TrainOutput(global_step=1756, training_loss=0.06423409924691793, metrics={'train_runtime': 115.5788, 'train_samples_per_second': 121.484, 'train_steps_per_second': 15.193, 'total_flos': 153520489309824.0, 'train_loss': 0.06423409924691793, 'epoch': 1.0})

In [70]:
checkpoint = "/content/distilbert-finetuned-ner/checkpoint-1756"
token_classifier = pipeline(
    "token-classification", model=checkpoint, aggregation_strategy="simple"
)

token_classifier("My name BadriNarayanan S. Being grateful is important than any other. He's from tamilnadu")

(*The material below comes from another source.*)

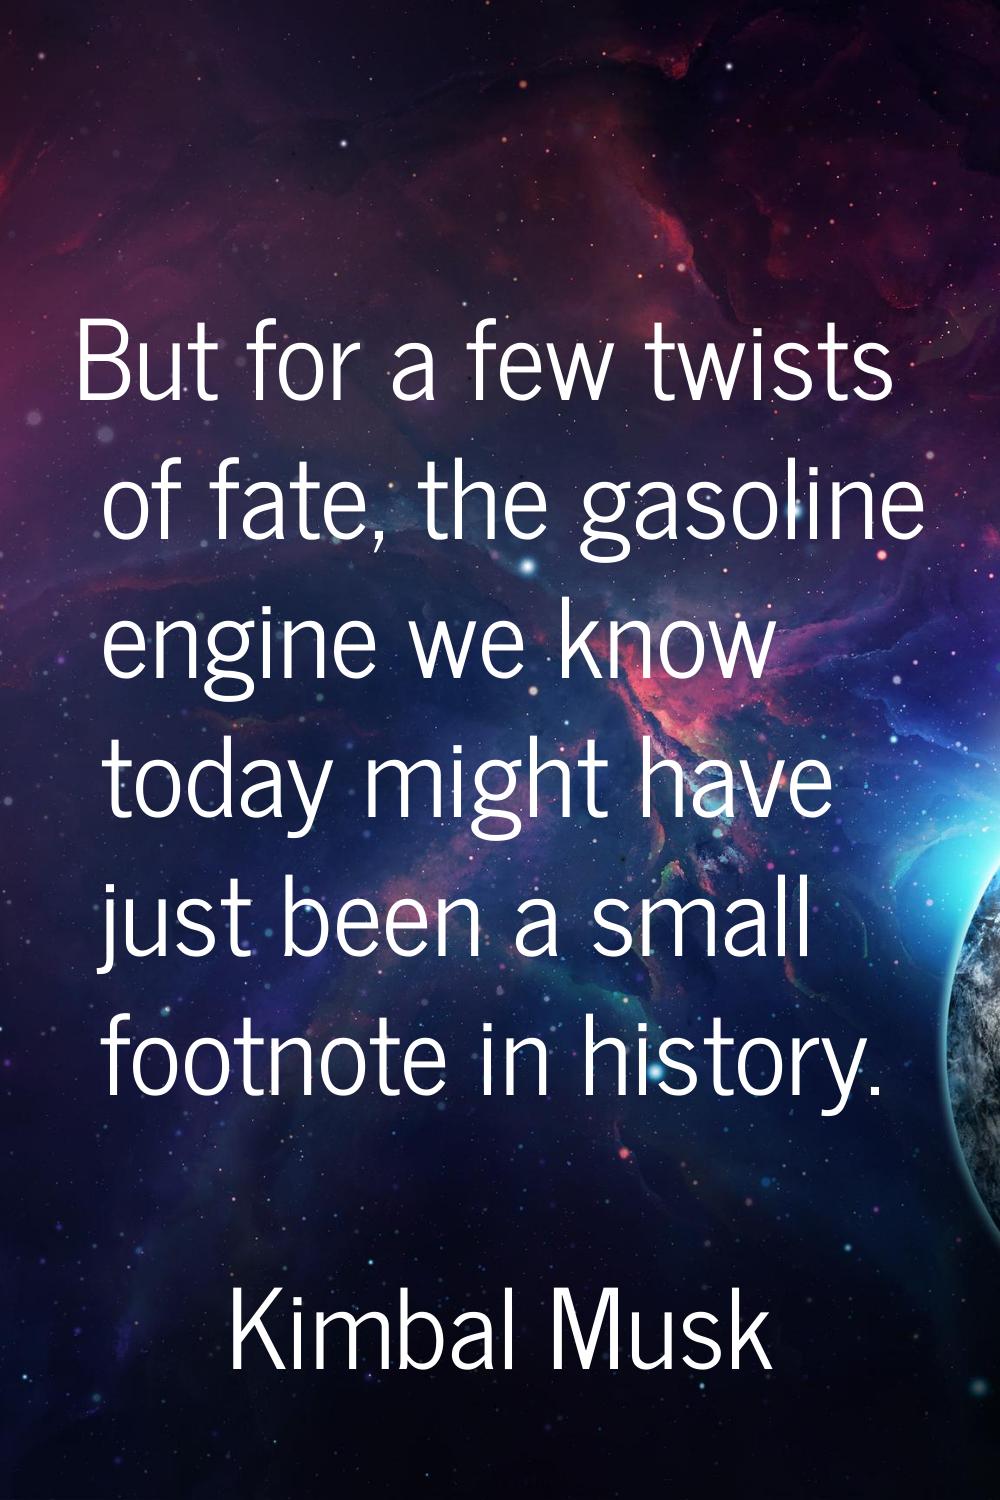 But for a few twists of fate, the gasoline engine we know today might have just been a small footno

Hardware accelerator e.g. GPU is available in the environment, but no `device` argument is passed to the `Pipeline` object. Model will be on CPU.


[{'entity_group': 'PER',
  'score': 0.98984885,
  'word': 'BadriNarayanan S.',
  'start': 8,
  'end': 25},
 {'entity_group': 'LOC',
  'score': 0.6601926,
  'word': 'tamilnadu',
  'start': 80,
  'end': 89}]

# Conclusion

Thus the DistillBERT llm model is fine tuned to perform NER tasks. Given conllp dataset, performed all the required operations for the compatibility of the model. Fine tuned the model and queried it, the model recognized the named entities in the specified sentence.